This issue can be reproduced with all versions of KNIME (at least from 2.9.4 to 2.11.0). I have created an example workflow with two equally configured and already executed nodes which have - of course - two different output tables. Unfortunately the workflow exceeds the upload limit of this forum by more than 350 MB.
Do you have any ideas how to fix this promptly?
As a workaround (with KNIME 2.11) you can try to convert it to JSON (XML to JSON), use JSONPath and if you need the results in xml try to convert back with JSON to XML. It has not 1-1 match to XPath, but it has quite similar features.
Okay, I will try that.
Does your answer mean that this is a known problem?
No. I am not a regular XML nodes user. Just thought this might be a workaround (JSON and XML both represent trees and probably these work similarly, but as they are different implementations it might work with JSON).

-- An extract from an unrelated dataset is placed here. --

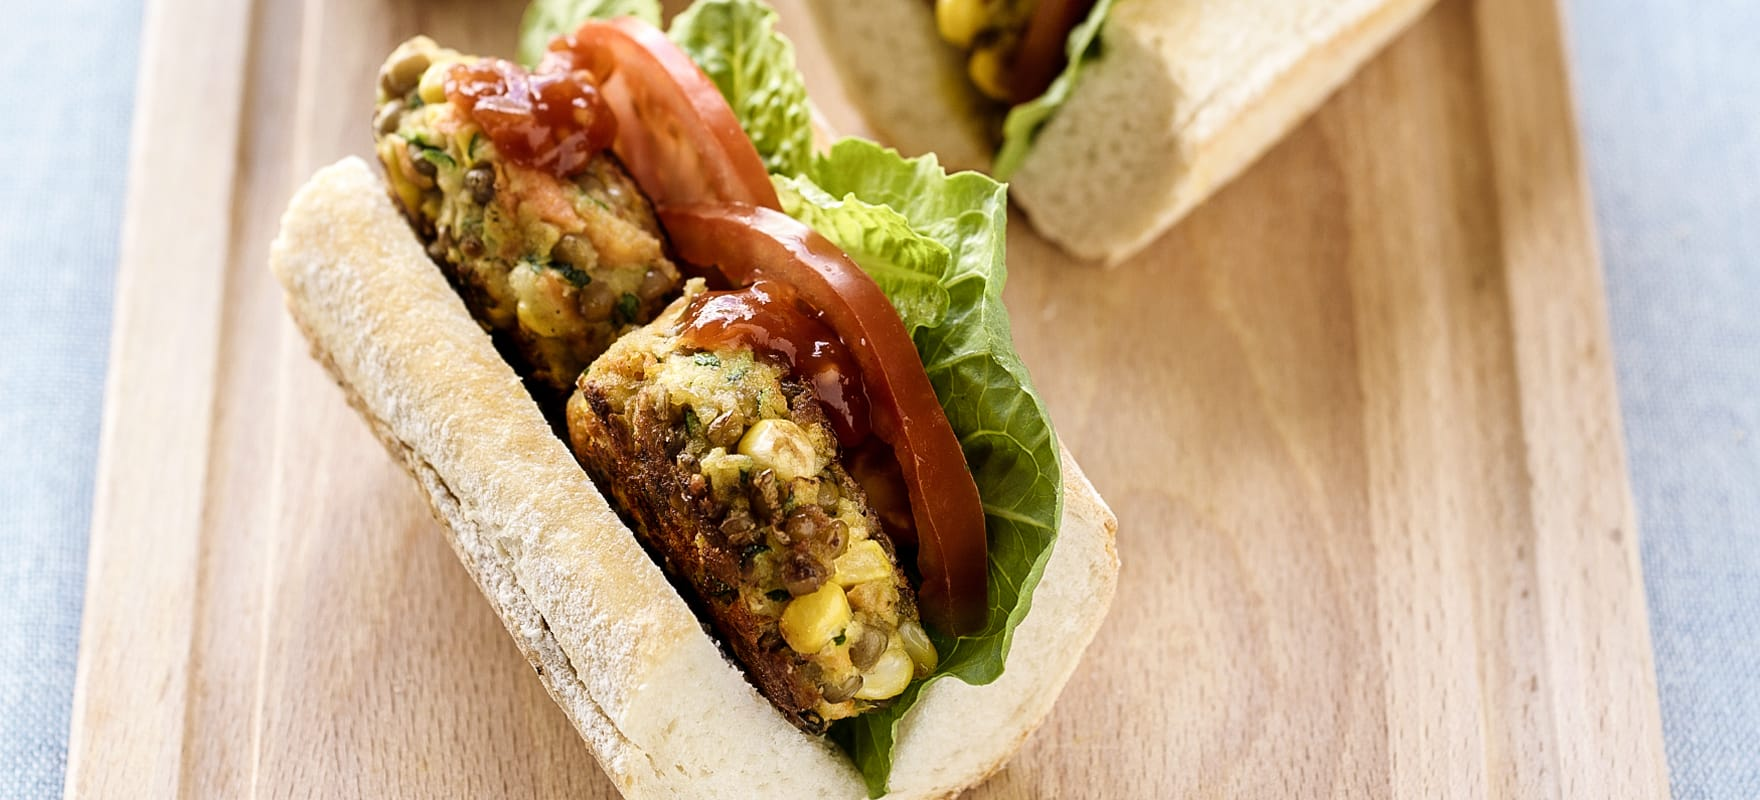 Vegetable burgers image 1

I will send you a link where you can upload your workflow. This sounds like a strange problem.
I just uploaded the workflow.
To solve the mystery: the XML documents contained references to an external DTD. Occasionally this DTD could not be downloaded properly leading to parsing errors and finally to the missing values. We will try to add a cache for external DTDs.
In 2.11.1 all external DTDs and XSDs will be cached.
I just want to let you know, that the problem is still present in 2.11.1. Please see the screenshot attached to this post.
Updating KNIME to 2.11.1 (not just the XML extension) solved the problem! :-)